もちろん、生きた3ヶ月間のすべてが壮絶な闘病生活だったとはいえ

誤診があったからこそ生を受けることができた天聖くんも

たった一度でもお母さんに抱かれることができて、

家族に待ち望まれて生まれてきて幸せだったと思いたい。


胎児に病気や重い障害が見つかったとき

それを理由とした中絶はできない決まりになっているけれども

実際は経済的理由の内にできてしまうこと、

生まれてきた後も

治療をするか、緩和ケアをするか、親に決定権があること

もうそのどれもすべてがつらすぎると思った。


知る権利

本書を読んで、当時の記事を読んで

これだけいろいろと感じて、考えても、結論に辿り着けない。

もし、高齢出産と呼ばれる年齢で出産をすることになったとき、

そうでなくとも、近い将来もっと手軽に、もしかしたらベーシックに

出生前診断を受けられるようになったとき、

わたしは受けるだろうか。
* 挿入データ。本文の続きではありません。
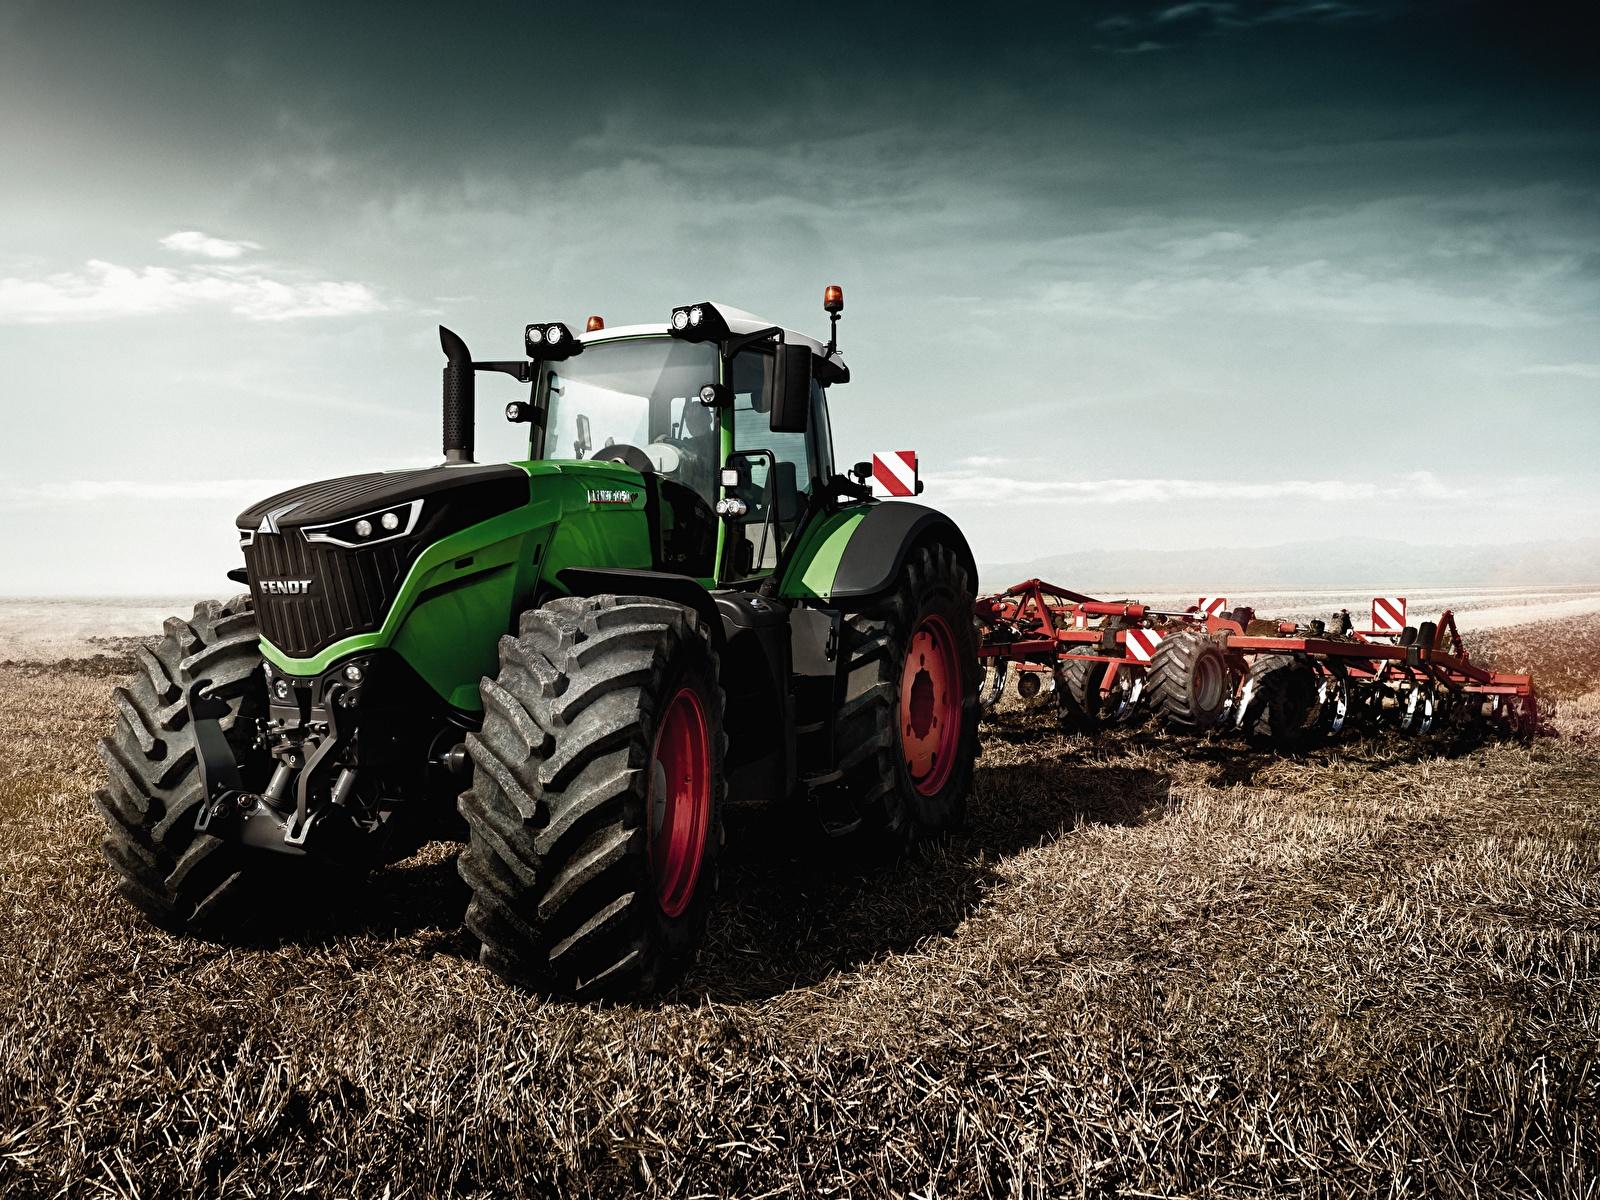 Wallpaper Agricultural machinery tractors 2015 17 Fendt 1600x1200 1600x1200

受けるべきなのか。

陽性だったら産むのか、中絶するのか。


あえて、産むのか、産まないのかとは言いたくない。

いうまでもなく、産まないことは中絶することであって

目を逸らしたくても逸らす先のない究極の二択だから。


日本で法律が医療技術の進歩や現状に追いついていない理由は

優生思想なども深く関連していて

ここでは触れないけど、本の中ではそこについても取材していて

実際に、中絶を選択する母親が多い障害とともに生きている人がいる。

その人たちや、その人たちを産むことを選んだ母親は

決して否定できるものではない。

いろんなことに挑戦して、幅の広い人生を生きてほしいと思う。


その反面、孤独出産の末の死体遺棄などが

五体満足の子どもと母親の間でも起きていることを考えると、

介護や健常児以上の世話が必要な子どもを

絶対に産まなければならないと決めてしまうことも

それはまた新たな不幸を産むのではないかと思う。


きっと、わたしは決断できない。

崖から落ちても決断できない。

そういう人間には知る権利がないと思う。

きっと、検査はしないだろう、と今は思う。

自分は知る権利を持つ立場にないということを

知ることができたから。


いつも言うけど、わたしにとって本や映画の善し悪しは

その内容自体や、作品を通しての主張の是非や、結び方ではなく

その本や映画を享受した意味があったと思えるかどうか。

その意味合いでいくと

非常に大きな問題意識と、考える機会と、

谷に落ちてすらいないわたしなんかでも感情を揺さぶられる

意識しないと息が吸えなくなるような世界を

その存在を通して見せてくれたことはとても大きい。


天聖くんの生きた3ヶ月が幸せなものだったとは

とてもわたしなんかが言えることではないけれど、

彼が3ヶ月生きた意味は間違いなくあったし

彼とそのお母さんが病気と世間と戦ってくれたことには

絶大な意味があると思う。

誰もがなれる立場ではないからこそ、

ノンフィクションを通して擬似体験(ということすら恐縮だけど)させ、

考える機会を与えていることに心から感謝したい。